The cache boundary is a local, runtime decision
There’s a quieter payoff to discovering edges from the call tree instead of declaring them: where you put the cache boundary is a per-cell choice you can move freely — even at runtime. Wrapping a sub-computation in a Recorded (cache it, recompute only on token change) or leaving it inline (recompute every time, hold no memory) is a one-line local edit, because no global manifest has to be kept in sync with that choice. The dependency edges re-derive themselves on the next run either way.
That makes the perf-vs-memory tradeoff tunable in place.
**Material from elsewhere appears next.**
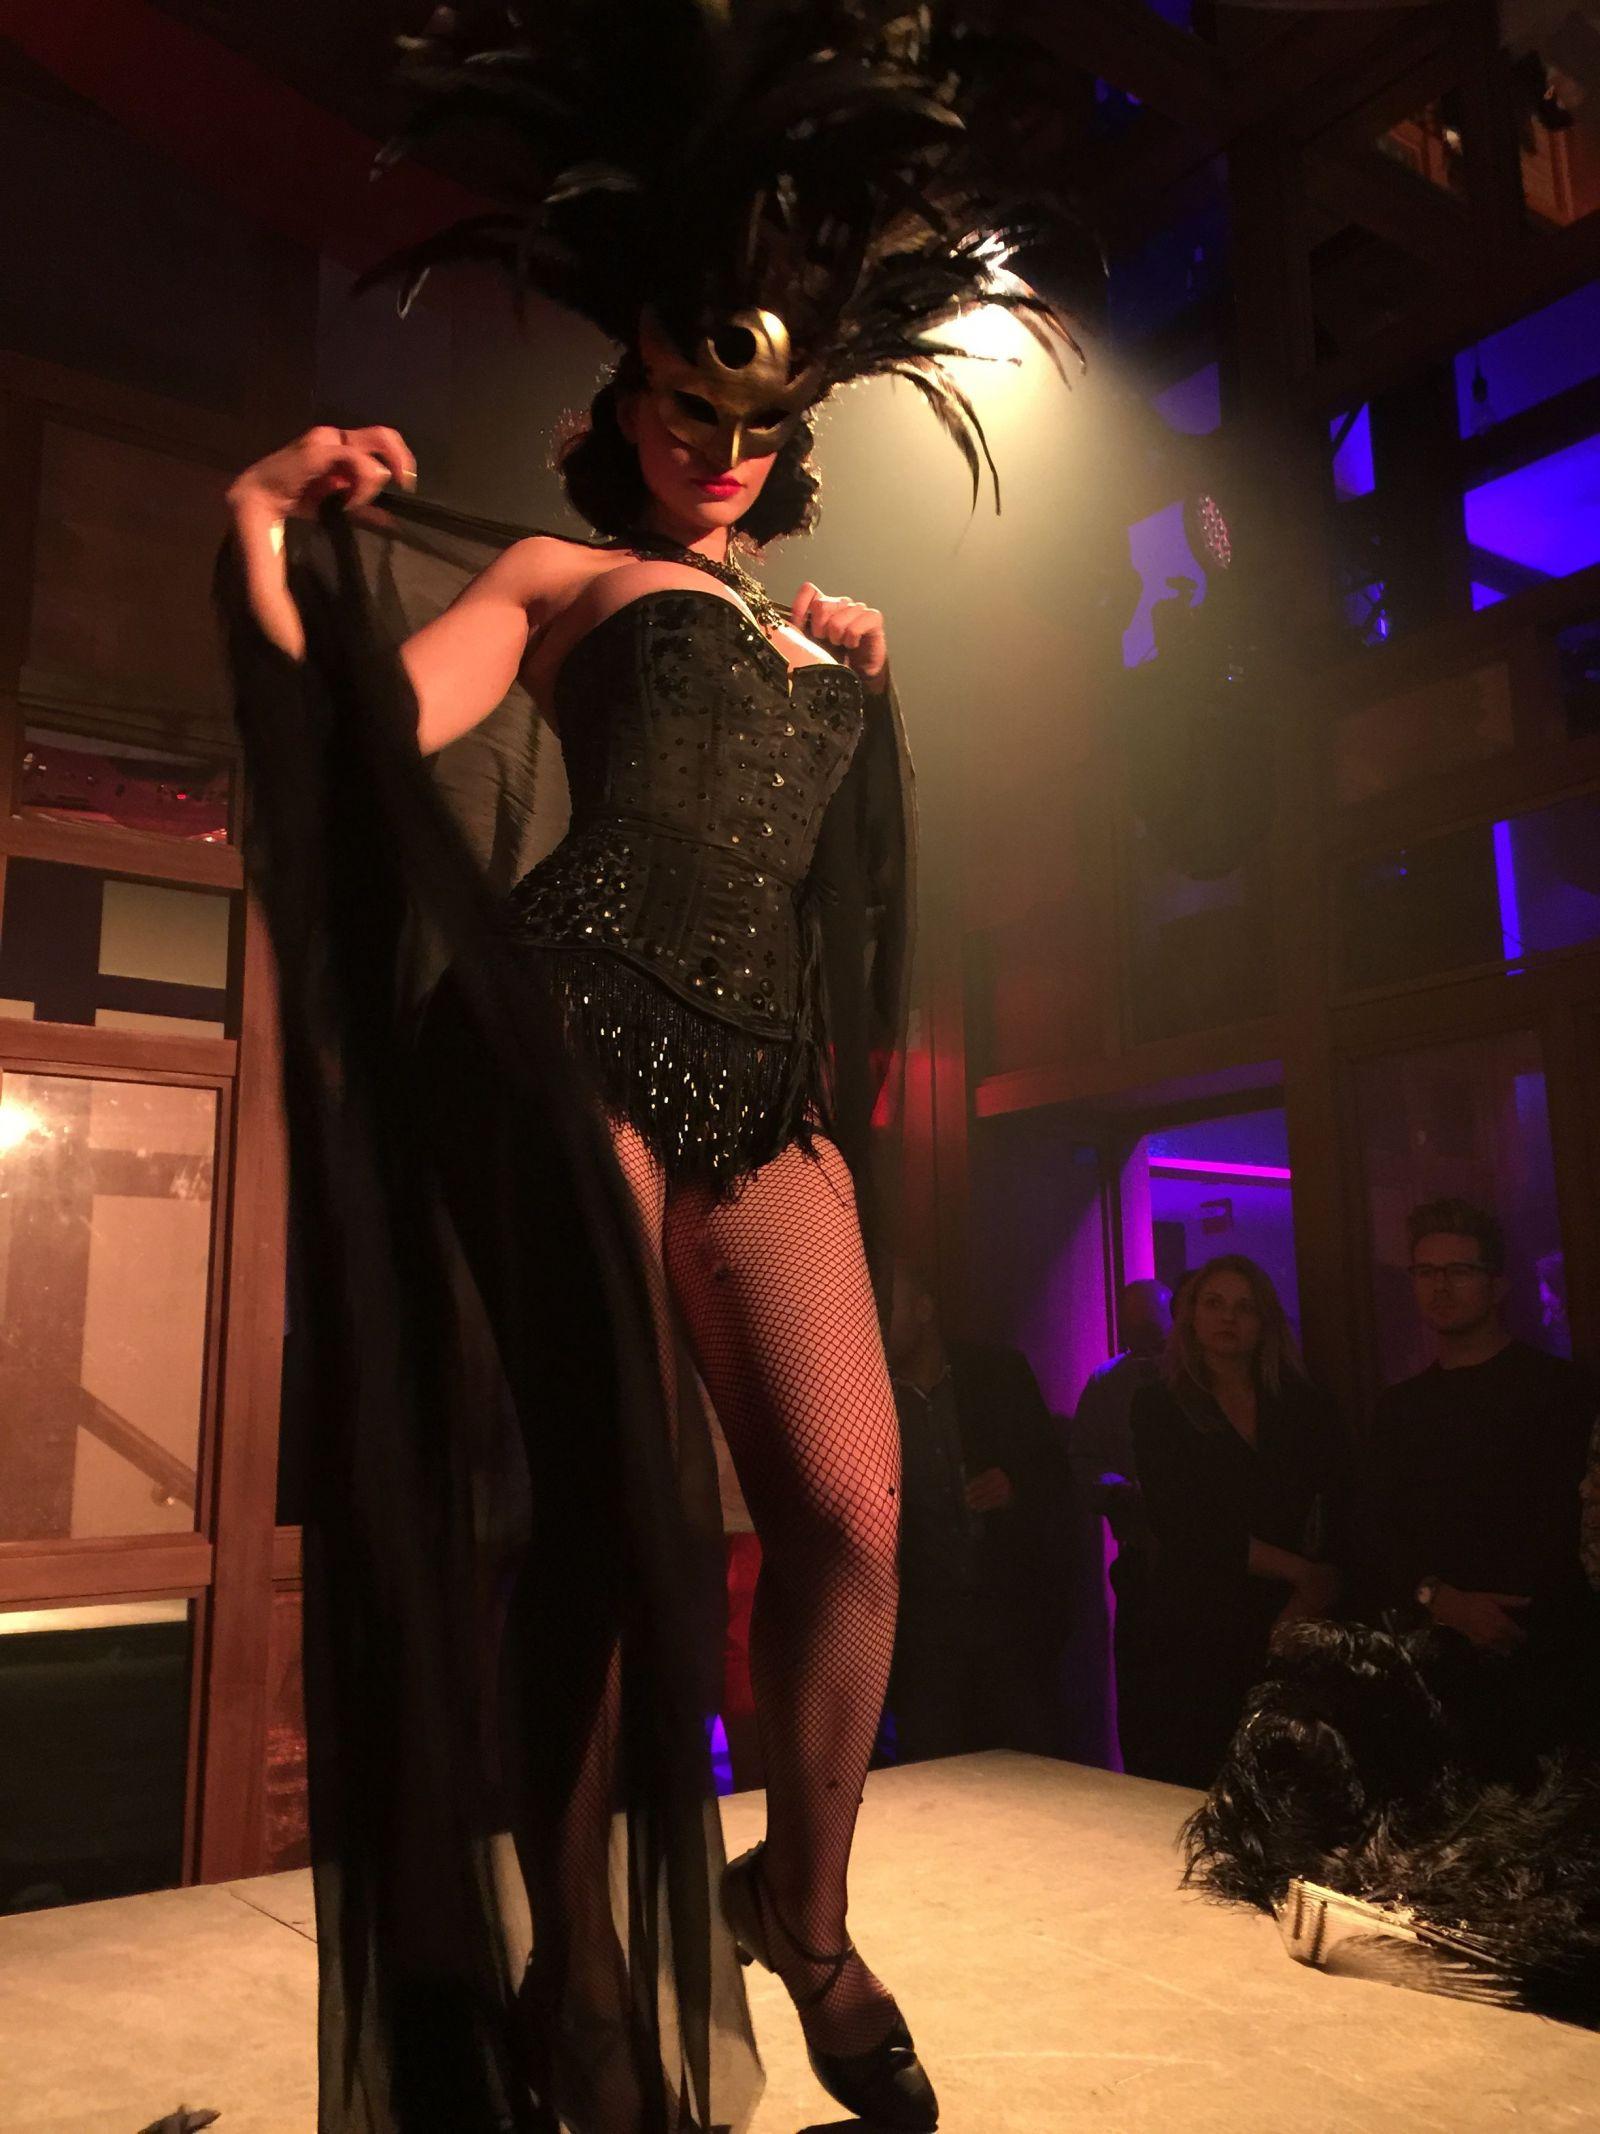 Masked Fetish Dancer

Cache an expensive, rarely-changing derivation and you trade memory for skipped work; leave a cheap or huge-result one uncached and you reclaim the memory at the cost of recomputing it. Because the boundary is local, you can decide it per node — and even conditionally at runtime: notice a code path running hot under real load and you can wrap that one cell to start memoizing it, without re-declaring anything elsewhere. A static manifest fixes the granularity at authoring time; here the unit of caching is wherever you choose to draw a Recorded, whenever you choose to draw it.
Honest limits
This is a deliberately small design, and the smallness costs something.
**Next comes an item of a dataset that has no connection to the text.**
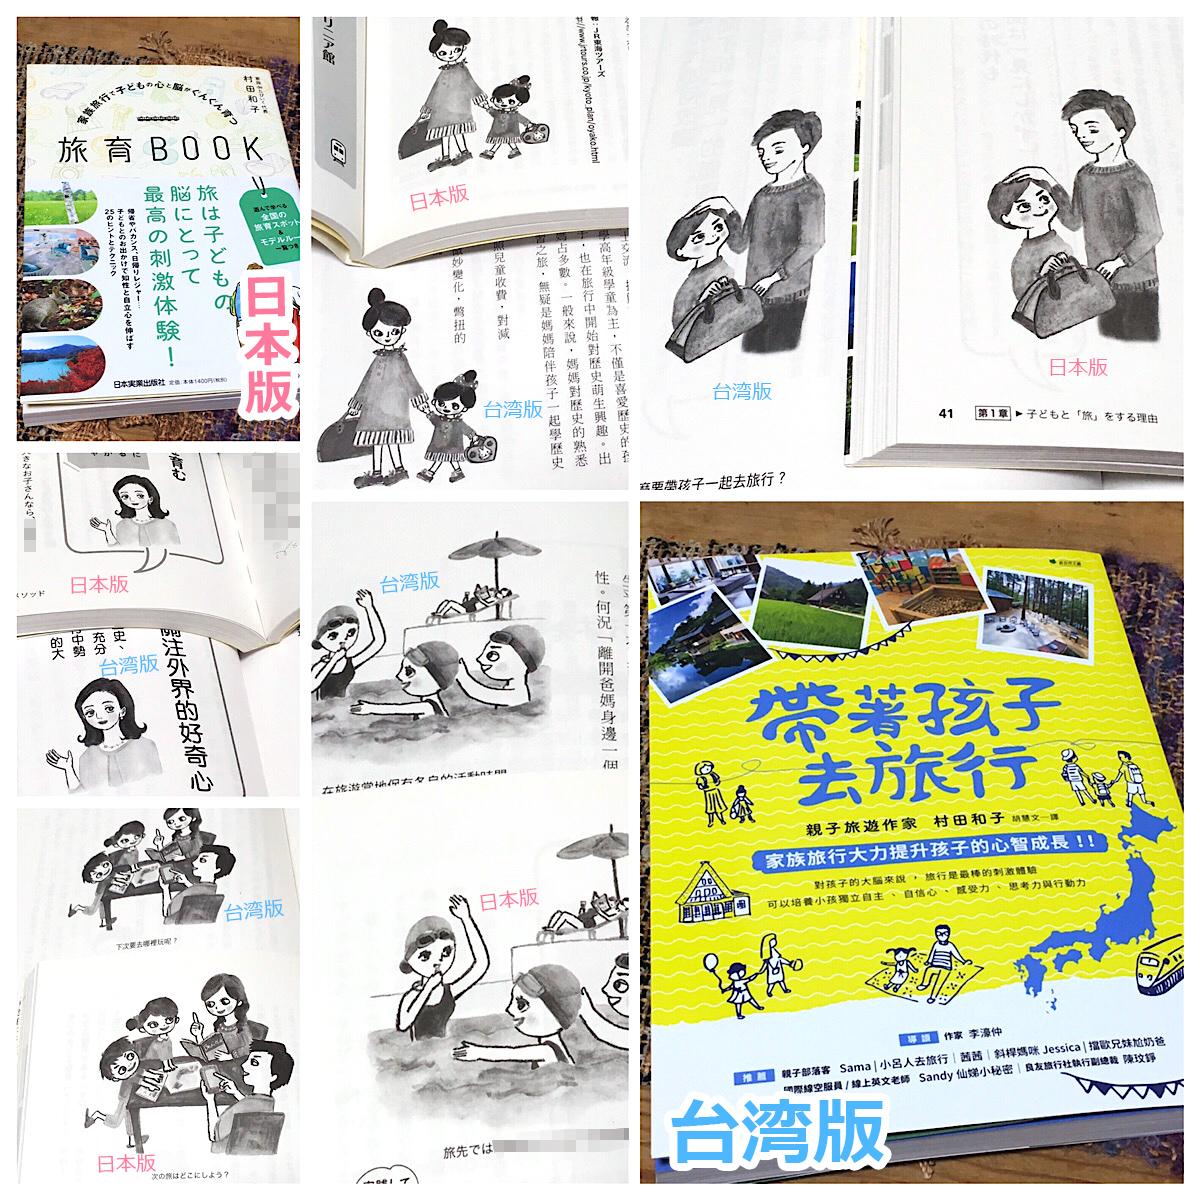 190623_tabiiku_taiwan01.jpg

- It’s in-memory only. The graph and its cached values live in the process. Kill it and the next run is a cold full computation — there is no persisted object store, no on-disk content-addressed cache to warm from. (A persistent design — git-object-style content IDs, a SQLite-backed object store keyed by hash — is a natural extension and has been sketched, but it is not what ships here. Everything above is the actual in-memory mechanism, nothing aspirational.)
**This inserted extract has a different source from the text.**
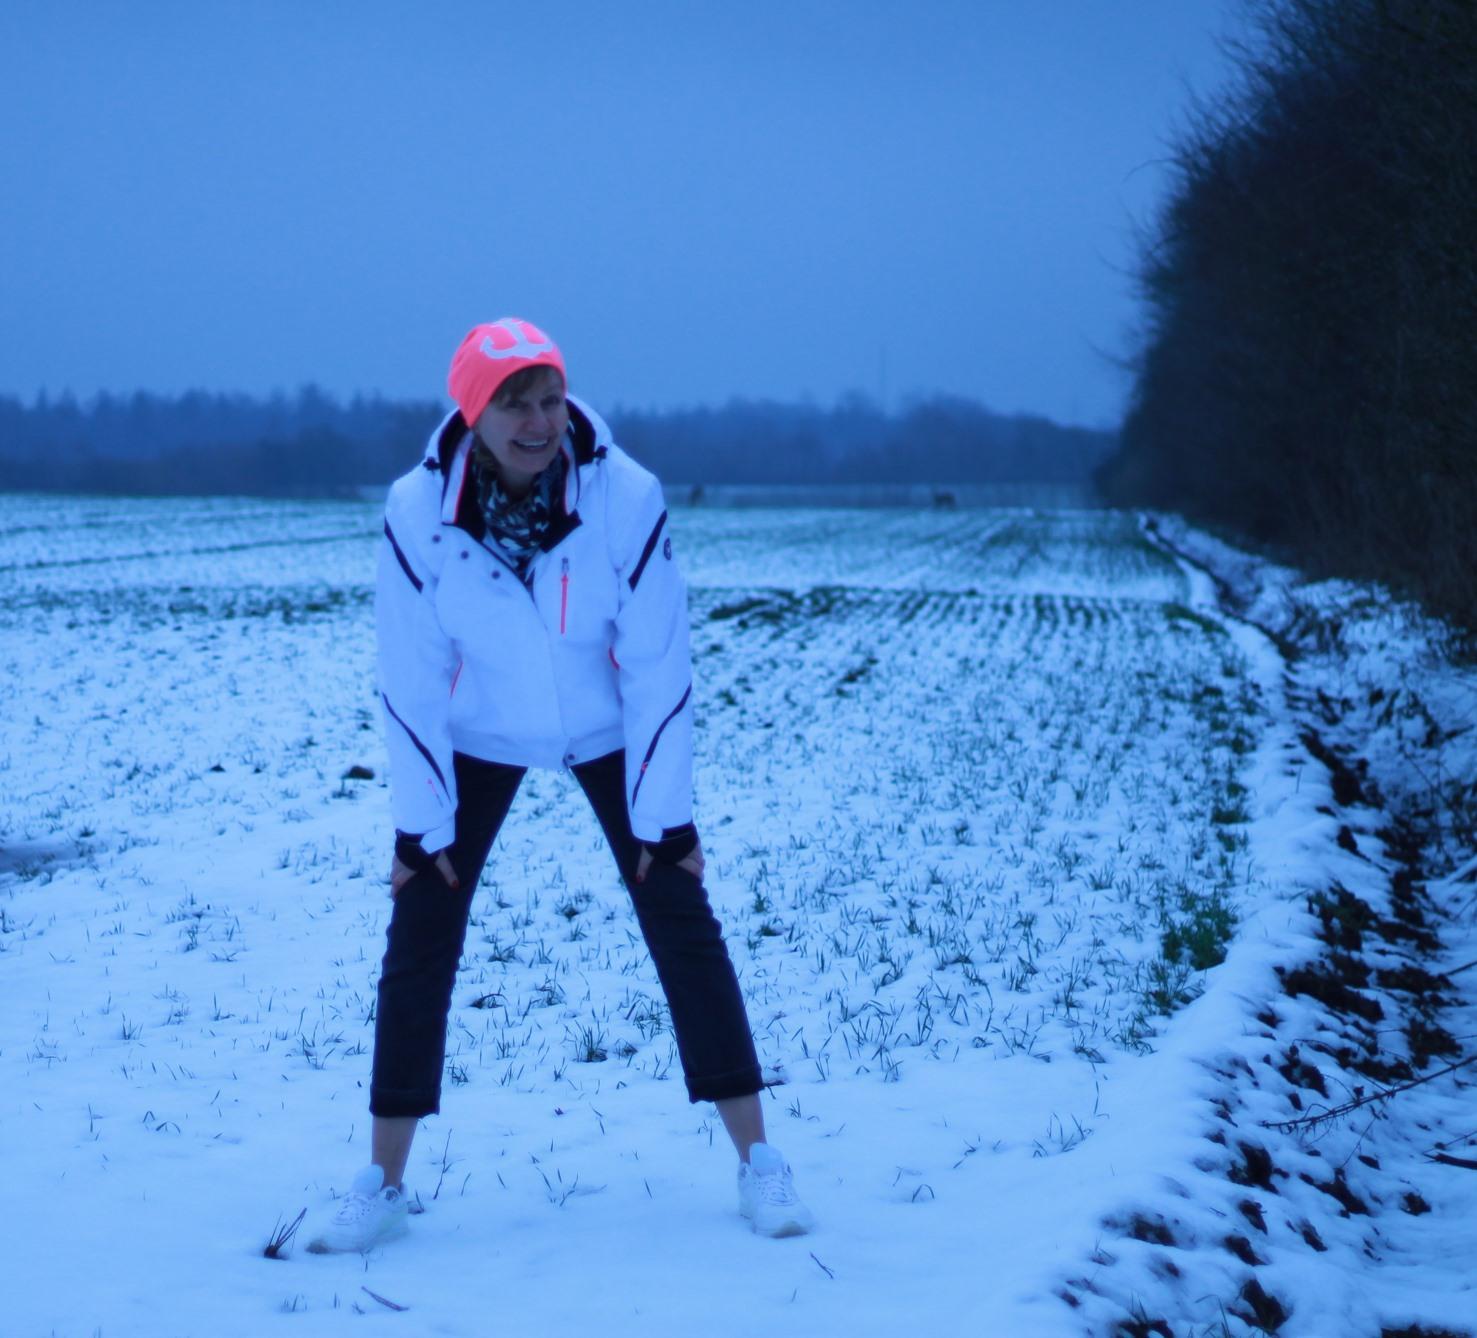 Feld Schnee weisse Jacke Muetze pink mit anker rehe in der ferne

- Change tokens must be cheap and honest. The whole model rests on
Equals(token, recomputed_token)being both fast and a faithful proxy for “did the value change?”. A token that ticks without a real change forces a needless recompute; a token that doesn’t move when the input does produces a stale output. Choosing the token is the one place real judgment is required. - Re-deriving a token still touches the input. “Nothing changed” is cheap relative to recomputing values, but it is not free — you still probe every input (stat every file, ping every row version). For a tree of N inputs, detecting a no-op is O(N) token reads, not O(1). It wins because token reads are orders of magnitude cheaper than the work they gate, not because they’re zero.
- Factories must be reentrancy-clean. A factory that tries to read its own
Recorded.Valueis a cycle, and the code throws rather than deadlock ("ValueFactory attempted to access the Value property of this instance."). The graph must be a DAG; the design doesn’t discover cycles for you, it just refuses to hang on them. - Replayed writes must be order-independent enough. Side effects are re-fired on cache hits, but into fresh per-scope state. If a write depended on observing another scope’s accumulated state, replay wouldn’t reproduce it. The model assumes writes are “add this item to this run’s collection,” which is the common case but not a universal one.
If you take only three things
- Let dependencies record themselves. An
AsyncLocalcall stack turns “what did this computation read?” from a thing you declare into a thing you observe. The manifest that rots is the manifest you don’t have. - Make the cheap question the common one. An incremental engine spends most of its life confirming that nothing changed. Design so that confirming no-change is a parallel tree of
Equals, and only genuine change pays for recomputation. Then incremental and full are the same code path. - Scope by identity, not by value. A fresh scope object per run, compared by reference, is a complete and tiny cache key — and pairs with
ConditionalWeakTableto make per-run state self-cleaning. You don’t need a database to know which run you’re in.